RECORDED INFORMATION:
* * * * * * *

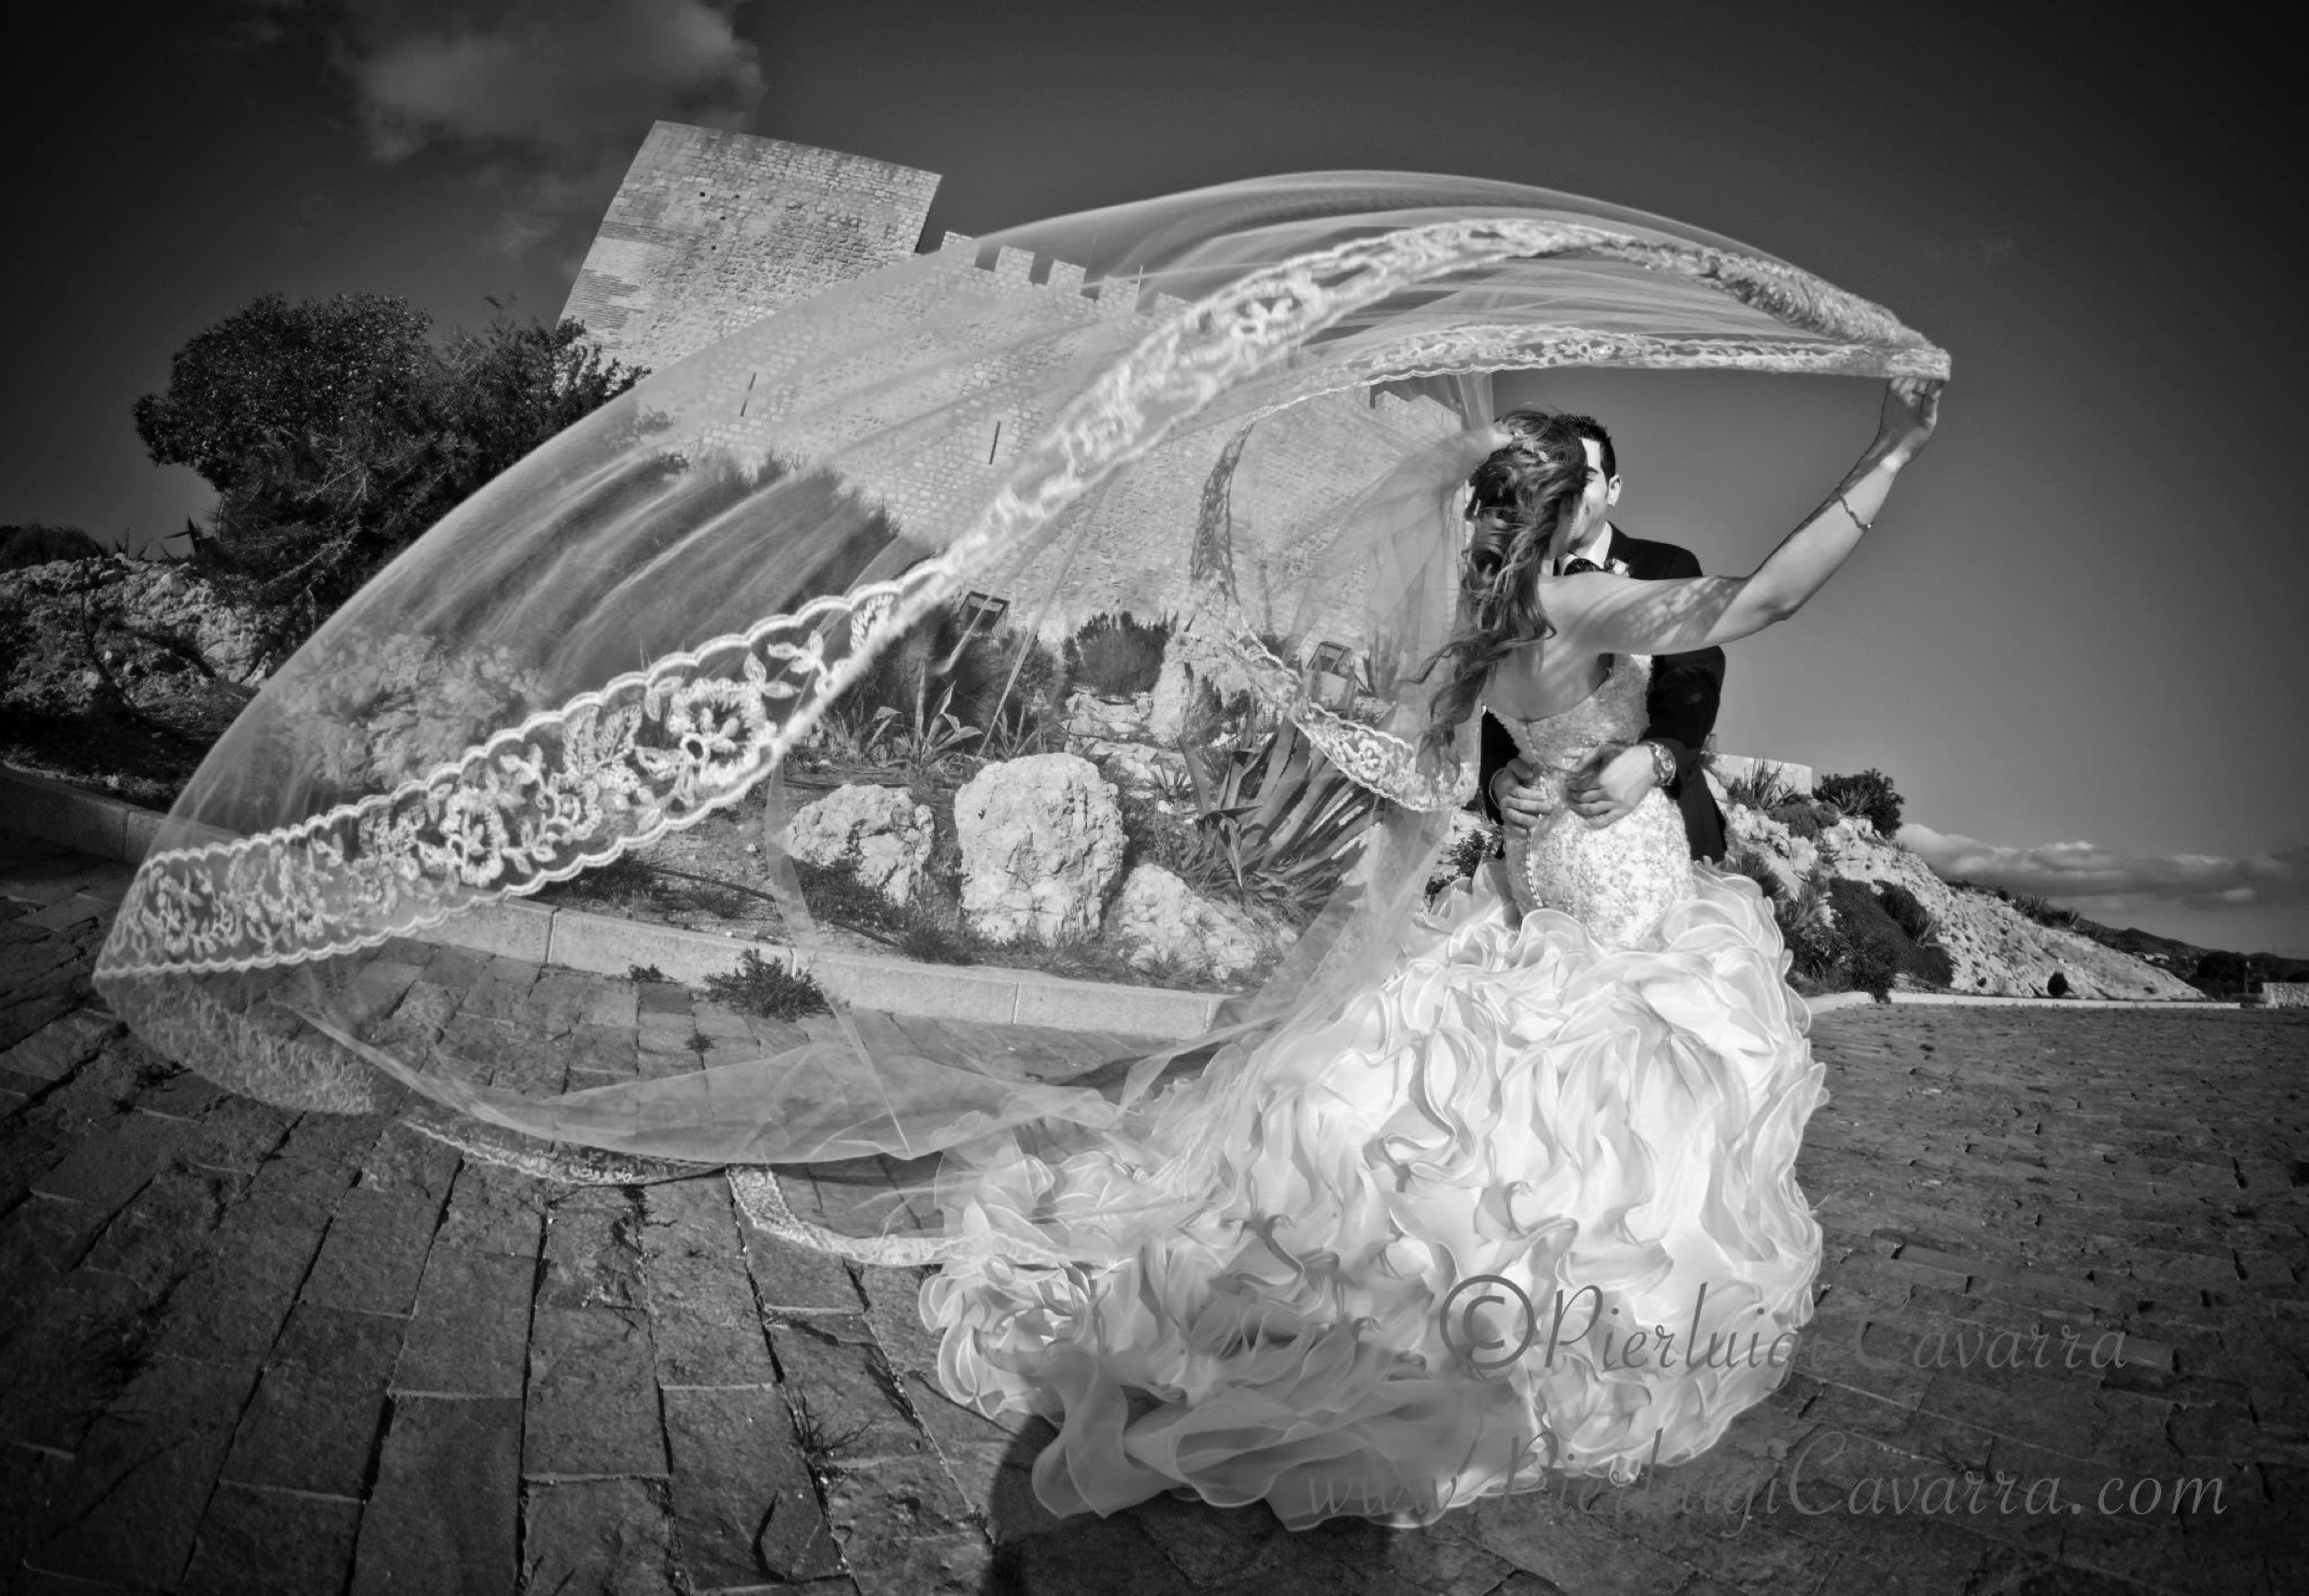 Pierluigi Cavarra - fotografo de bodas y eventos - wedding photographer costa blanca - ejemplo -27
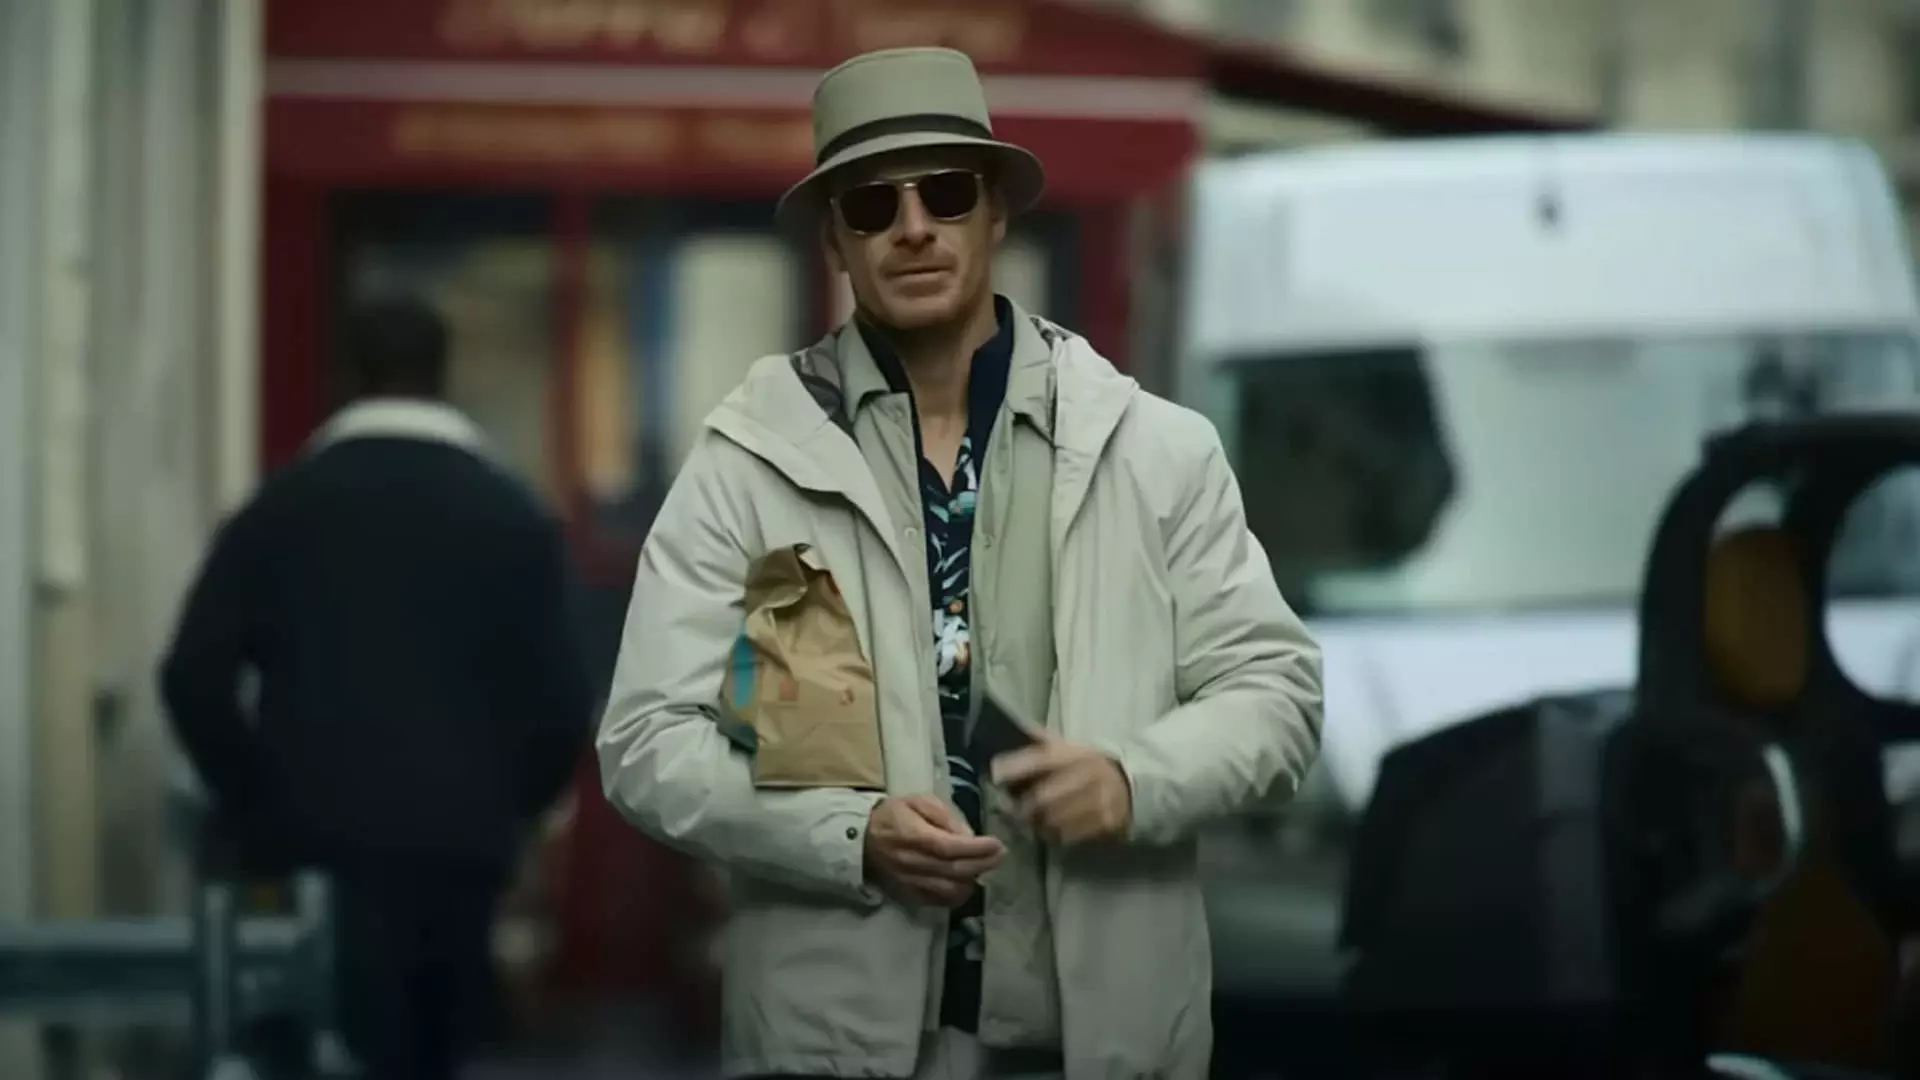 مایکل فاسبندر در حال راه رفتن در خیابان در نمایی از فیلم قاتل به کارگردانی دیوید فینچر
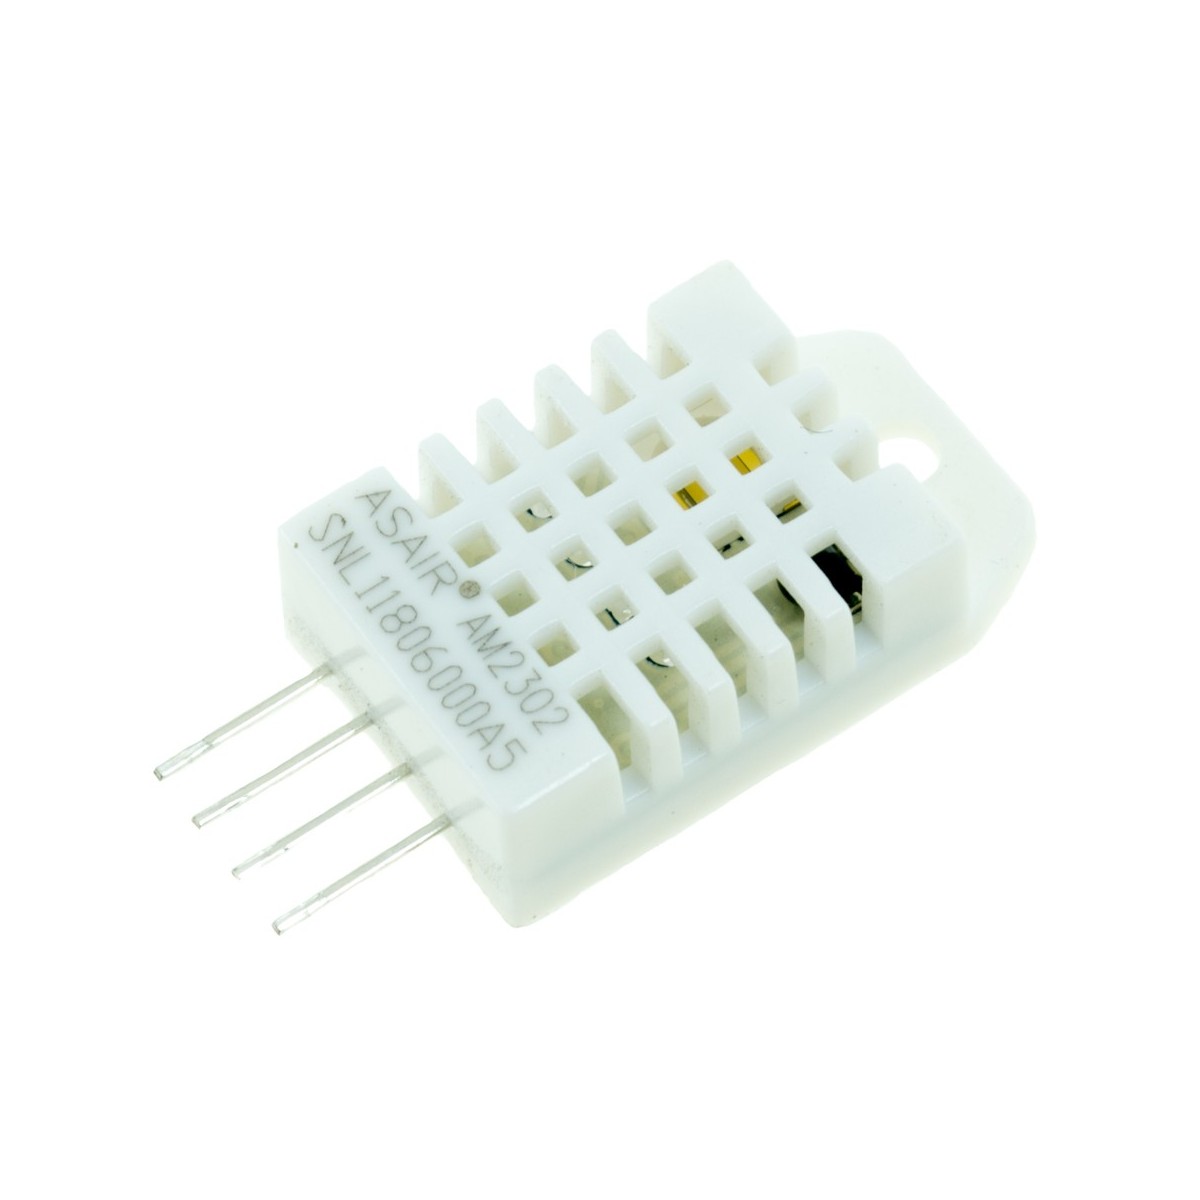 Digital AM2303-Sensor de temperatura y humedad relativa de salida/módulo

* * * * * * *

TO DO: Please print exactly the lines from the one holding "مایکل فاسبندر در" through the final line of the data above, including both, and skip all pictures.

RESULT:
 مایکل فاسبندر در حال راه رفتن در خیابان در نمایی از فیلم قاتل به کارگردانی دیوید فینچر
 Digital AM2303-Sensor de temperatura y humedad relativa de salida/módulo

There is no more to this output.